Annoyed Gina was not as engrossed as I was and wanted her to be, I turned toward her. I never got to her. Instead, my eyes locked on a hand grabbing my purse handle off of the dining room chair. Frozen with panic, I watched the purse disappear from view and then I jumped up to chase the thief out my back door.

“Antonio!” I yelled from my second floor deck, calling across the narrow stretch between our homes. He opened his door and I said: “Someone stole my purse.”

I looked around and didn’t see anyone. Antonio came out of his apartment with a baseball bat and ran down the stairs. I watched him, holding my breath. He came back around my building after a few minutes.

“I didn’t see anyone.”

Stepping back into my house, I picked up my phone and called the police. I don’t remember hugging Gina. I was too afraid of what cold have happened to do anything but keep my feelings numb. I remember the police coming, asking her and me to describe the incident. I remember her telling them he looked like an actor in a TV show. When the cops had gone, there was no going back to the movie.

“I am so sorry, querida, for not listening to you – and for leaving the backdoor unlocked.” My aloneness exaggerated a sense of helplessness and I continued to store my feelings away to be there for her. She didn’t show or share anything either – we both may have been roiling inside but weren’t able to get past the cortisol streaming through us. I tucked her in and turned on Beneath the Raven Moon, a CD of soothing Native American flute music she liked to listen to as she fell asleep.

After she was in bed with her own nightmares, I walked down to the kitchen and couldn’t find my favorite Santoku knife to cut myself a slice of comfort Monterey Jack queso. Did he take it? What would I have done if I had listened to my daughter and seen him sooner? I would have yelled and stepped in front of her. After that I can’t say.

The next day, right after I cancelled my credit card and debit card, a woman called.

“I found your purse on the sidewalk of Alcatraz.”

“I am just a few blocks away on Tyler. I can come get it.” I said.

“No worries. I can drop it off. I will be heading that way.”

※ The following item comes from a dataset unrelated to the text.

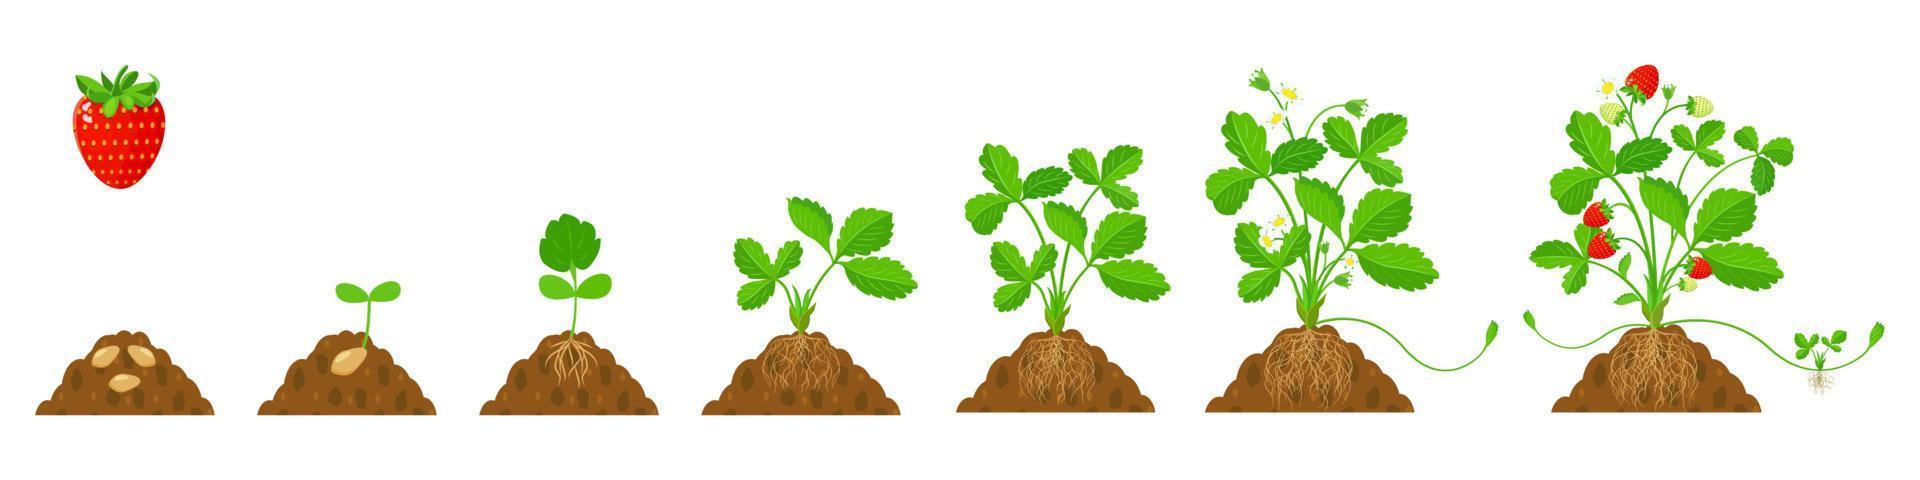 cultivo de morangos no solo com sistema radicular em estágios. ilustração plana do ciclo de crescimento da cultura. vetor

The only thing missing was a small amount of change I had had in my wallet and my lipstick, which was likely lost when the purse was thrown out of a car window. Why be bold enough to enter a house with lights and sound for a dollar worth of change, ditching the credit cards? A few friends postulated it was a gang initiation.

This was not the first time I had been casual about our safety by forgetting to lock the door. It happened just the other day. I woke up, stepped carefully down my loft ladder, and saw the front door was cracked open two inches. I had forgotten to close and lock it the night before. Part of me rebels against living as if the world is always dangerous and people can’t be trusted. My leaving the door unlocked was common enough that my daughter left me a note one day:

[photo of text. Text reads: "Its Gina and I just wanna say that I took my shoes and that the front door was open and i’ll keep it open just incase you don’t have a key. Bye I love you - Love Gina : ) ]

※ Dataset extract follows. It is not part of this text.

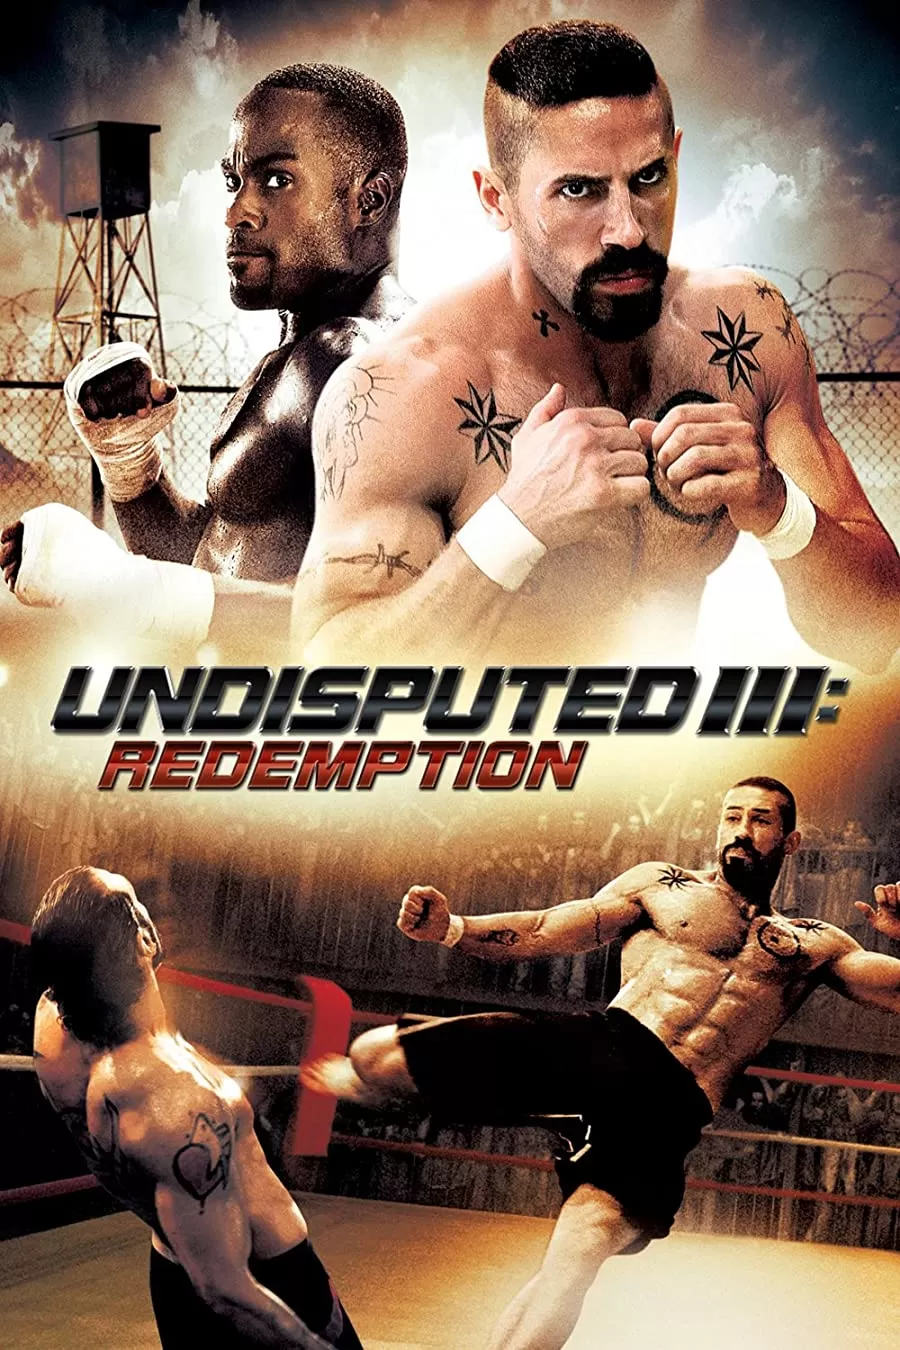 فیلم Undisputed 3: Redemption 2010

The kids were not with me the rest of the weekend after the burglary and I spent Saturday feeling the multilayered losses as I shopped at the Farmer’s Market for salad ingredients, bought some sunflowers to bring Maude’s indomitable spirit into my home, and picked up a few books from the library. Our special night – the one we had looked forward to all week, throwing ideas back and forth as I drove them to Berkeley High – had been a different kind of special. My daughter’s sense of safety in this home had been sullied by what so many experience daily. I wondered if my movie of respite and hope would be marked forever by the memory of that night.

More than anything, I mourned that moment when I didn’t listen to her. As a mother, not listening well happened everyday. I was often doing chores, driving, or making mental calculations as we talked. Special night was the one time she could count on my full attention. After I waded through the shame and guilt of not listening at a moment that mattered more than usual, I arrived at the shore of gratitude that we were not physically harmed. I was alive and ready to learn my newest mothering lesson.

I sat down Sunday night and finished watching the movie because over the years it had consoled me when I was mired in grief and despair as I was now with the loss of our Special Night joy. While I doubted Gina would want to watch Harold and Maude for a while, the burglary and theft illuminated Maude’s final words to Harold in a way it never had before. As Harold’s heart was breaking, knowing the woman he counted on to bring him joy had chosen to end her life, she met his pain-laced proclamation of love with: “That’s wonderful. Go out and love some more.”

I remember those words when I have the purity of love and safety ripped from my heart because of circumstances or people. I then ride out the losses, because as Mercedes Sosa sings: “Cambia, todo cambia”. By accepting that everything changes, sometimes by choice and sometimes by unlawful entry, I can re-commit to giving my children a legacy that love follows loss, always. Special nights continued, the memory of that one night becoming smaller in the wake of so many more wonderful memories of love and safety, mother and daughter.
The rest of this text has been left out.